Ай-да не ой-да, да ой-да не ай-да,

Ой-дари-дари-дари-дари-дари-да-а…

Завороженные ритмом, люди начали, сами того не замечая, притопывать в такт подмерзающими от долгого стояния на месте ногами, превращая древнюю народную балладу в очень медленный, хоть и еще более всенародный, степ.

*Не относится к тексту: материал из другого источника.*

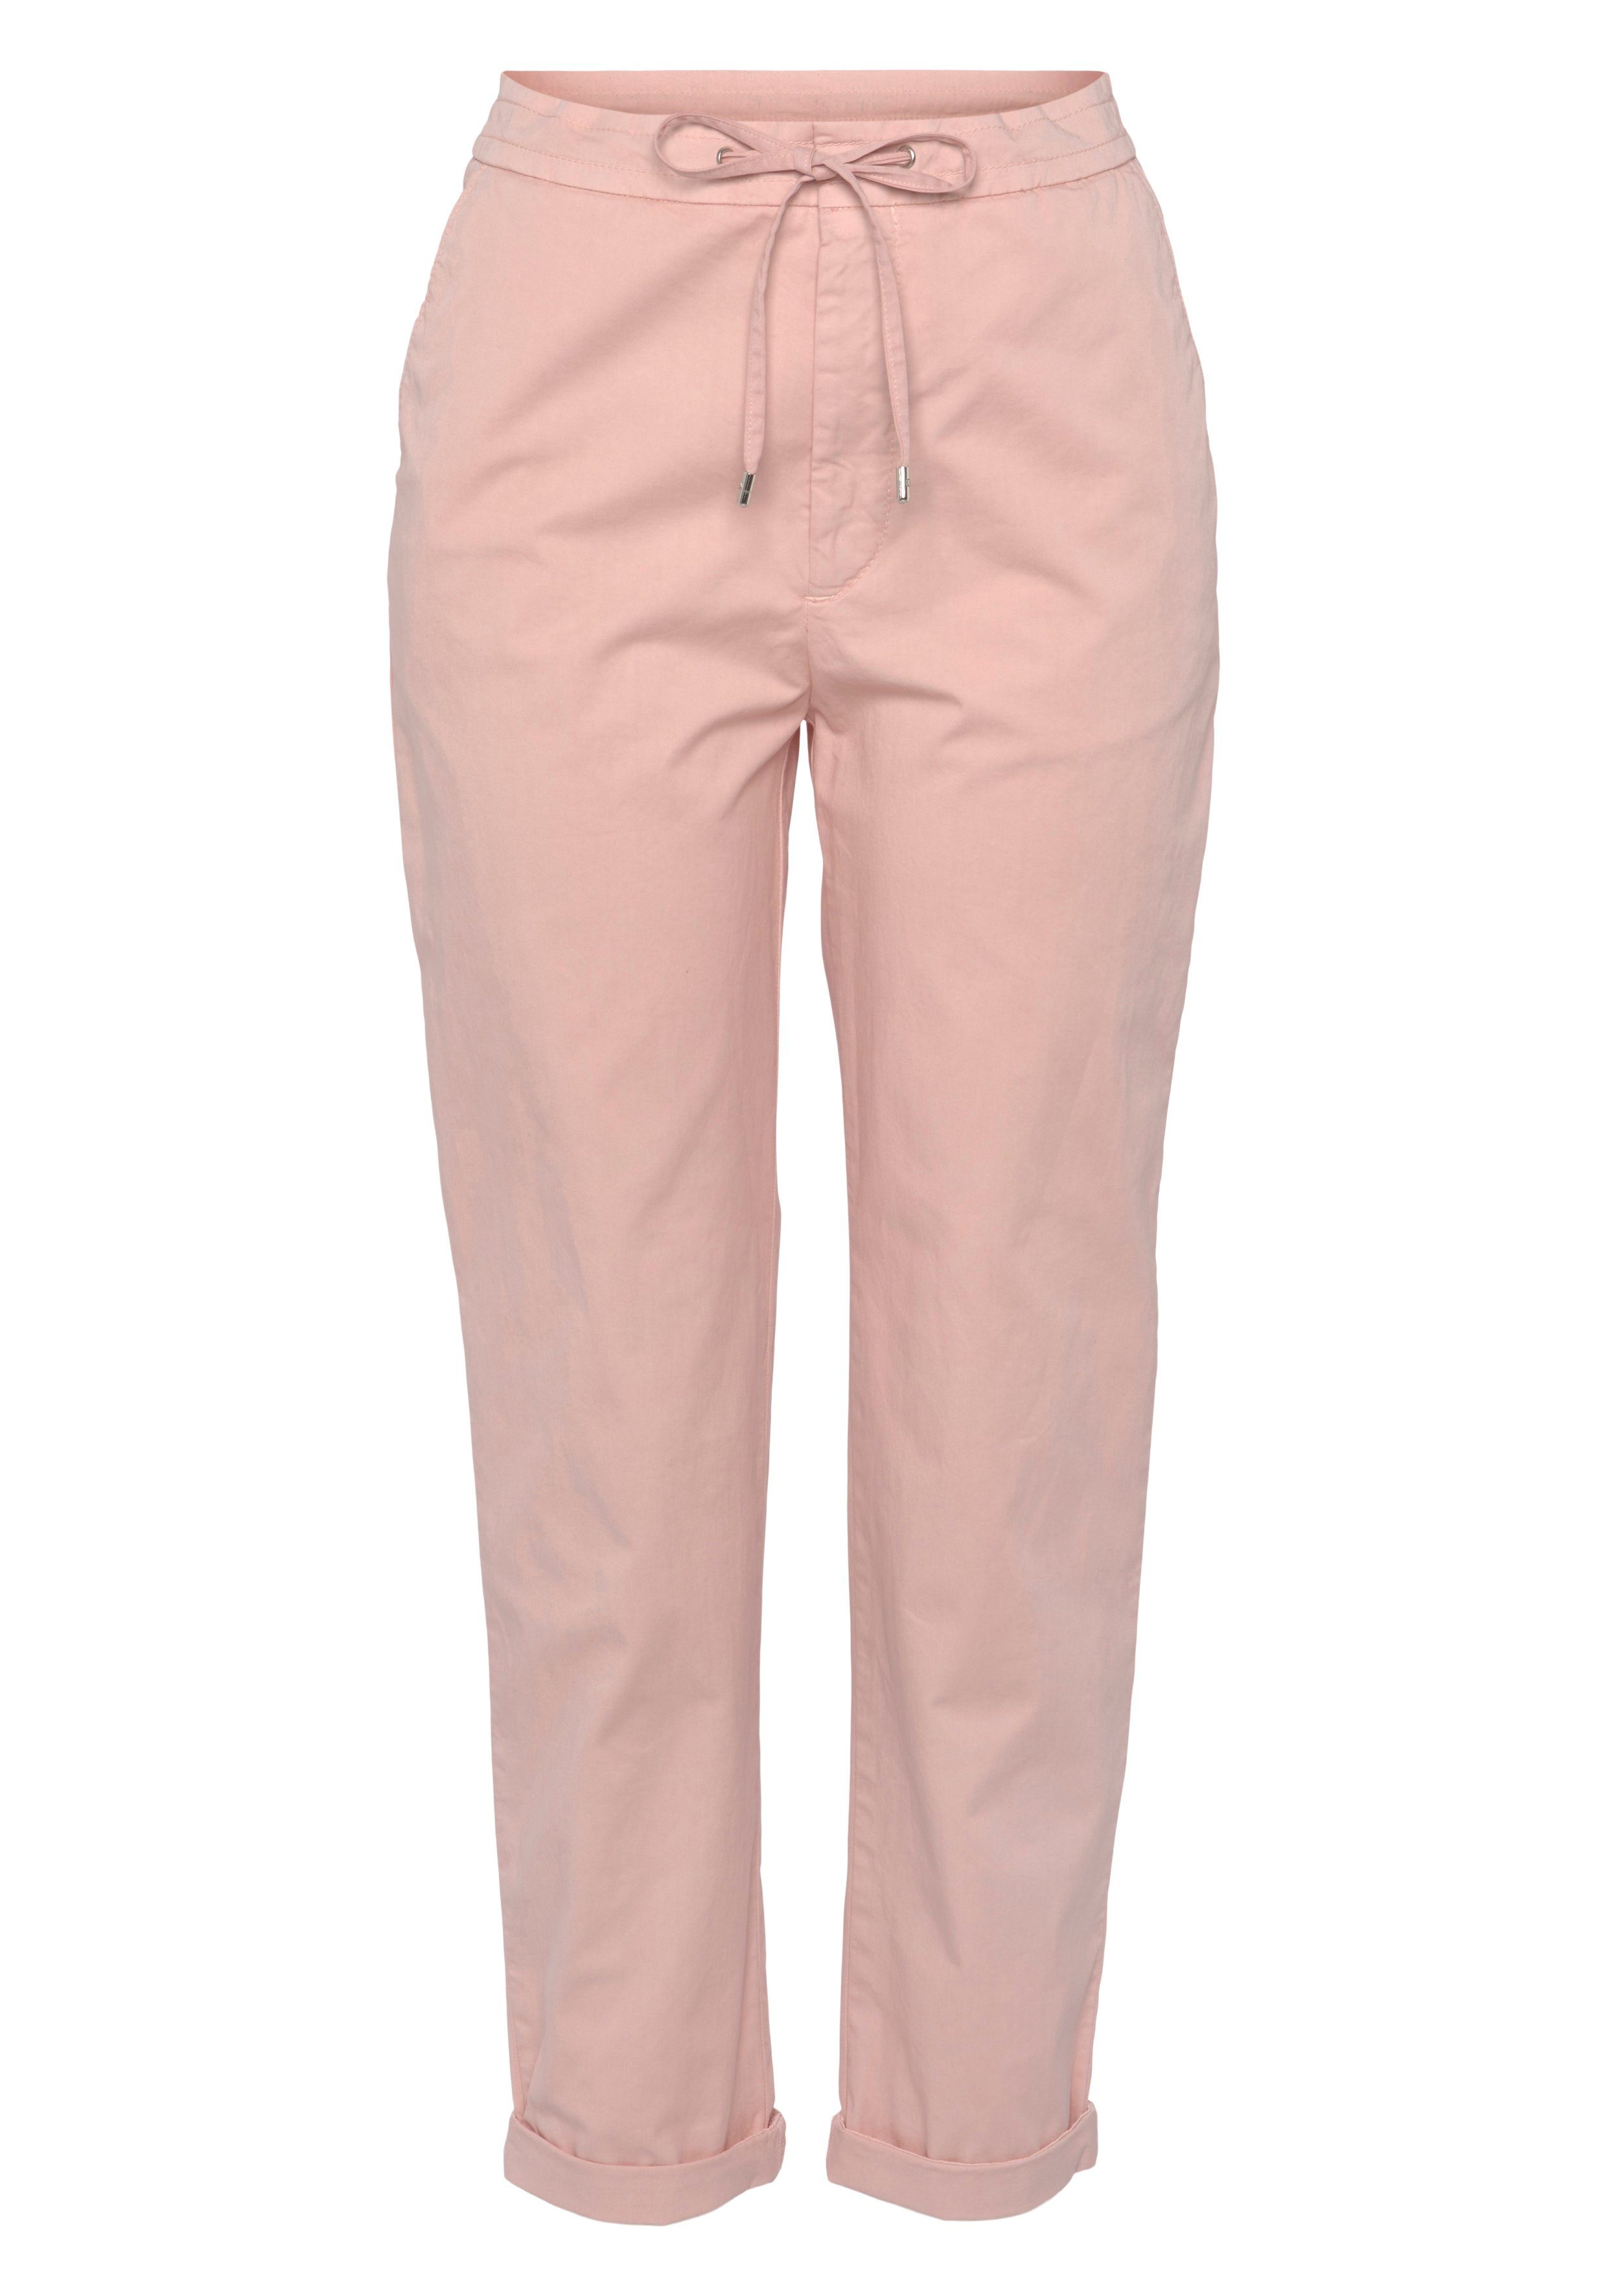 Bein, HUGO BOSS Chinohose geradem pink mit Jerseyhose ähnlich mit Leinenhose Strech ORANGE Sommer

…Ой, да натягивал на ножку да левую,

Ой-дари-дари-дари-дари-дари-да-а…

Ай-да не ой-да, да ой-да не ай-да,

Ой-дари-дари-дари-дари-дари-да-а…

Ой, сапожок да из шкуры драконища,

Ой-дари-дари-дари-дари-дари-да-а…

Ай-да не ой-да, да ой-да не ай-да,

Ой-дари-дари-дари-дари-дари-да-а…

Ой, да натягивал на ножку да правую,

Ой-дари-дари-дари-дари-дари-да-а…

Ай-да не ой-да, да ой-да не ай-да,

Ой-дари-дари-дари-дари-дари-да-а…

Приблизительно минут через двадцать Лунь благополучно миновал оба сапога, рубаху, кольчугу, наручи, шлем, плащ, платок любимой девушки, на который ушло не меньше пятнадцати куплетов, меч, и добрался до левой перчатки.

К этому времени вип-трибуна уже дрожала и покачивалась от коллективных притопываний и подпеваний[72] в унисон каждому «ой-дари-дари-дари-дари-дари-да-а…», и белесый парок вился перед приобретшими слегка отстраненное выражение лицами официальных лиц.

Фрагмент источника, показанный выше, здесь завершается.